I felt that I could; and left him for the nearest colourman’s.

Before I got to the shop, I met Mr. Batterbury taking his walking exercise. He stopped, shook hands with me affectionately, and asked where I was going. A wonderful idea struck me. Instead of answering his question, I asked after Lady Malkinshaw.

“Don’t be alarmed,” said Mr. Batterbury; “her ladyship tumbled downstairs yesterday morning.”

“My dear sir, allow me to congratulate you!”

“Most fortunately,” continued Mr. Batterbury, with a strong emphasis on the words, and a fixed stare at me; “most fortunately, the servant had been careless enough to leave a large bundle of clothes for the wash at the foot of the stairs, while she went to answer the door. Falling headlong from the landing, her ladyship pitched (pardon me the expression) — pitched into the very middle of the bundle. She was a little shaken at the time, but is reported to be going on charmingly this morning. Most fortunate, was it not? Seen the papers? Awful news from Demerara — the yellow fever — ”

“I wish I was at Demerara,” I said, in a hollow voice.

“You! Why?” exclaimed Mr. Batterbury, aghast.

“I am homeless, friendless, penniless,” I went on, getting more hollow at every word. “All my intellectual instincts tell me that I could retrieve my position and live respectably in the world, if I might only try my hand at portrait-painting — the thing of all others that I am naturally fittest for. But I have nobody to start me; no sitter to give me a first chance; nothing in my pocket but three-and-sixpence; and nothing in my mind but a doubt whether I shall struggle on a little longer, or end it immediately in the Thames. Don’t let me detain you from your walk, my dear sir. I’m afraid Lady Malkinshaw will outlive me, after all!”

“Stop!” cried Mr. Batterbury; his mahogany face actually getting white with alarm. “Stop! Don’t talk in that dreadfully unprincipled manner — don’t, I implore, I insist! You have plenty of friends — you have me, and your sister. Take to portrait-painting — think of your family, and take to portrait-painting!”

“Where am I to get a sitter?’ I inquired, with a gloomy shake of the head.
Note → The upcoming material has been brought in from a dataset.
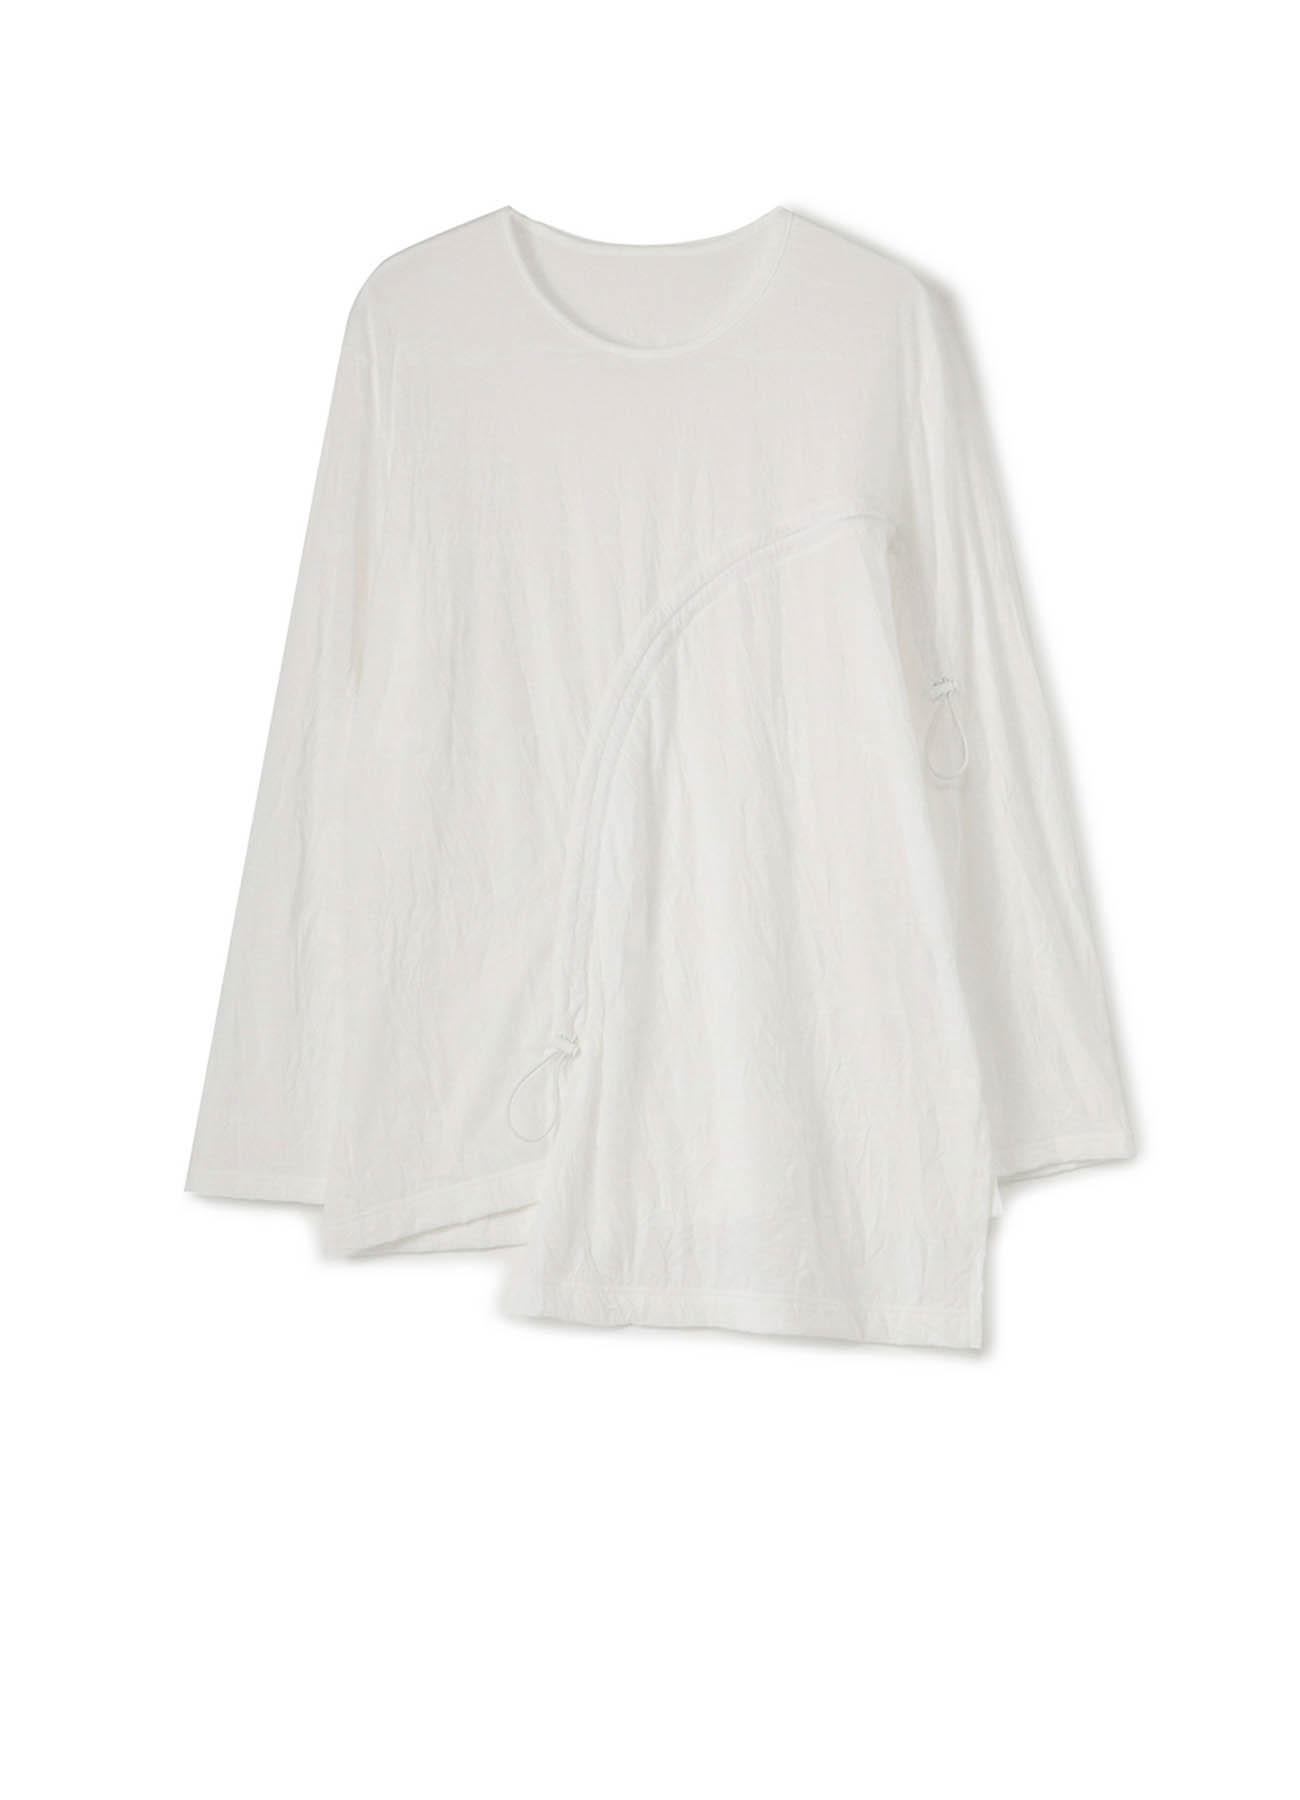 C/Pe Washer Jersey Drawstring Cut Sew

“Me,” said Mr. Batterbury, with an effort. “I’ll be your first sitter. As a beginner, and especially to a member of the family, I suppose your terms will be moderate. Small beginnings — you know the proverb?” Here he stopped; and a miserly leer puckered up his mahogany cheeks.

“I’ll do you, life-size, down to your waistcoat, for fifty pounds,” said I.

Mr. Batterbury winced, and looked about him to the right and left, as if he wanted to run away. He had five thousand a year, but he contrived to took, at that moment, as if his utmost income was five hundred. I walked on a few steps.

“Surely those terms are rather high to begin with?” he said, walking after me. “I should have thought five-and-thirty, or perhaps forty — ”

“A gentleman, sir, cannot condescend to bargain,” said I, with mournful dignity. “Farewell!” I waved my hand, and crossed over the way.

“Don’t do that!” cried Mr. Batterbury. “I accept. Give me your address. I’ll come tomorrow. Will it include the frame! There! there! it doesn’t include the frame, of course. Where are you going now? To the colourman? He doesn’t live in the Strand, I hope — or near one of the bridges. Think of Annabella, think of the family, think of the fifty pounds — an income, a year’s income to a prudent man. Pray, pray be careful, and compose your mind: promise me, my dear, dear fellow — promise me, on your word of honour, to compose your mind!”

I left him still harping on that string, and suffering, I believe, the only serious attack of mental distress that had ever affected him in the whole course of his life.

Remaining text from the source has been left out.